По мере того как недели уходили, я научился молчанию, и молчал не только ночью, когда все должны спать, но и днем, когда ко мне подходили с разговором. Меня не любили. То обстоятельство, что я, как бы вопреки всяким правилам, не выздоравливал и не выздоравливал, ставило меня в положение какого-то отщепенца.
Больных перевели в летнее помещение. Дни проходили и уходили. Мелитта приходила и уходила. Когда человек прикован к постели, его способность страдать, по-видимому, неограниченна. Когда же он владеет своими членами, его способность страдания есть величина определенная. Надо думать, что так. У Мелитты эта способность была на исходе. Оставалось лишь раздражение и жалость к самой себе.
Еще раз врачи убедились, что мне нужно лежать еще несколько недель в постели. Мелитта сидела около меня и ничего не говорила. Мысль о поездке на лето к родным в деревню разрушалась окончательно. Она смотрела в окно, в больничный сад. Там были красные и желтые цветочки.

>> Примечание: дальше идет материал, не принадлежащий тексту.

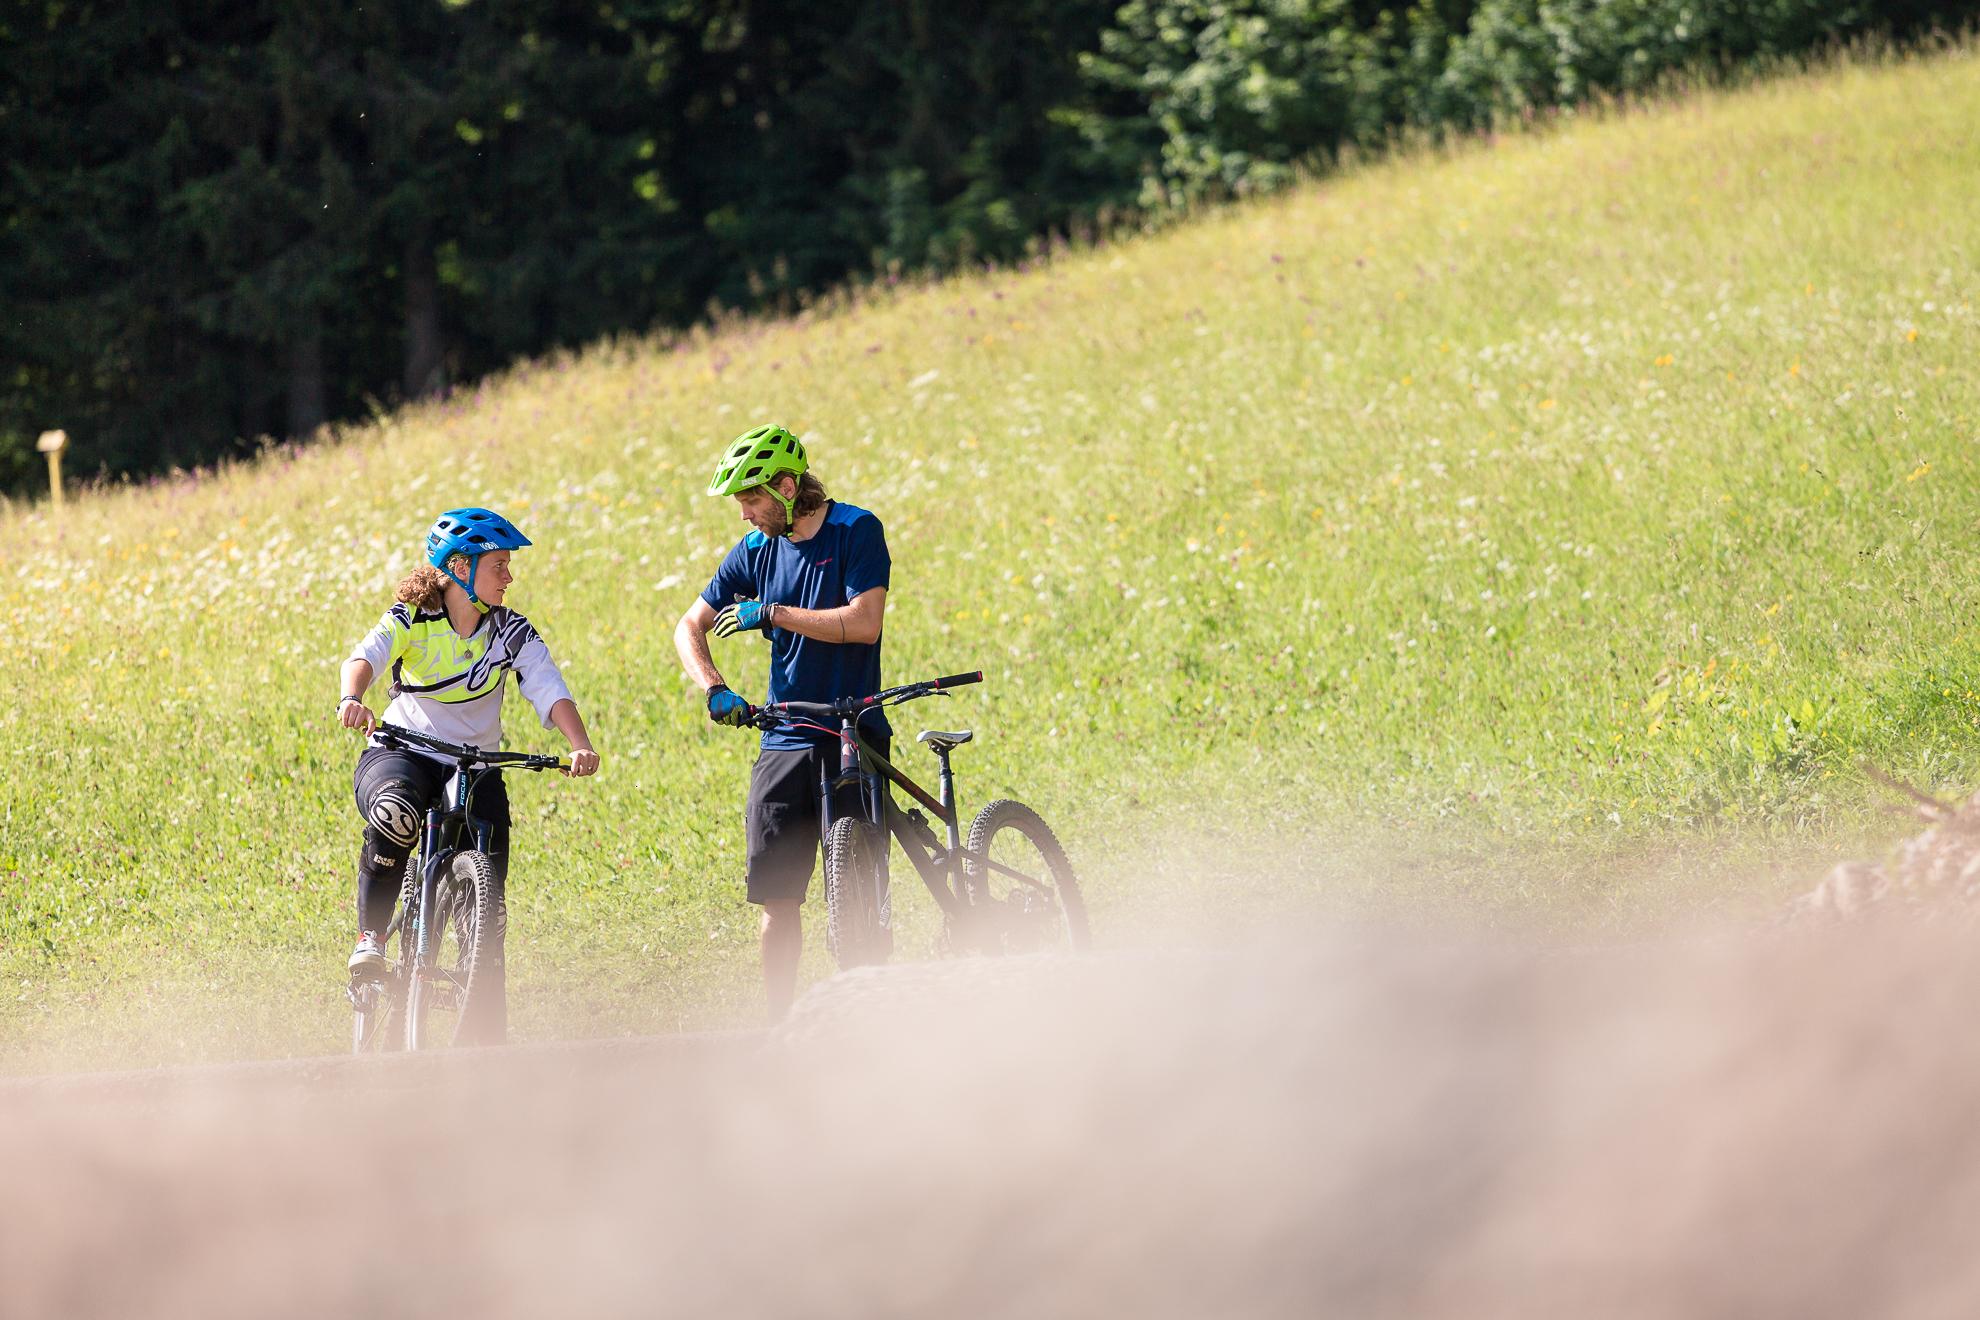 AB_20180611_Bikepark-Oberammergau_077-65.jpg

— Вон уж дрема отцветает. Скоро лето кончится, — сказала она, и голова ее бессильно склонилась, как цветок, у которого стебель подрезан. Она беззвучно плакала.
Есть, однако, предел всяким мучениям. Или это только обман? Только злая шутка Судьбы? Я сижу на кровати. На меня надевают халат. Мне дают костыли и учат ходить. Весь мир опять опрокинулся и стал снова другим. Мне казалось, что я вырос. И мне казалось первые минуты, что все бледнеет кругом, когда я встаю, все становится живым и нереальным, как в видении.
Август кончался. Но мы еще успеем захватить немножко лета. Мы были снова вдвоем, в той же гостинице. Мелитта делала разные покупки. Через несколько дней мы уезжали к родным. Мелитта улыбалась и радовалась. Она ничего, ничего не видала.
Да что же видеть и как? Я ходил на костылях по комнате, потом садился у стола и думал. Все об одном и том же. Что было раз, не может быть дважды. Вот несложная, но для меня — потрясающая мысль, которая упорно вставала в моем мозгу. Эта мысль принимала характер живого существа. Я ее видел целиком, казалось, ощупывал, касался ее руками. Что сломано, то уж не будет таким, каким было. Повторить ничего нельзя. Исправить ничего нельзя. Если у вещи отняли ее лик, ей не могут, ничто ей не может вернуть ее прежний лик. Я брал спичку, ломал ее пополам и снова и снова смотрел на нее с тайным испугом, с тайным ужасом. Я видел, что она сломана, и напрасно прикладывать конец к концу. Никакие силы не заставят их принять прежний цельный вид. Что было раз, не может быть дважды.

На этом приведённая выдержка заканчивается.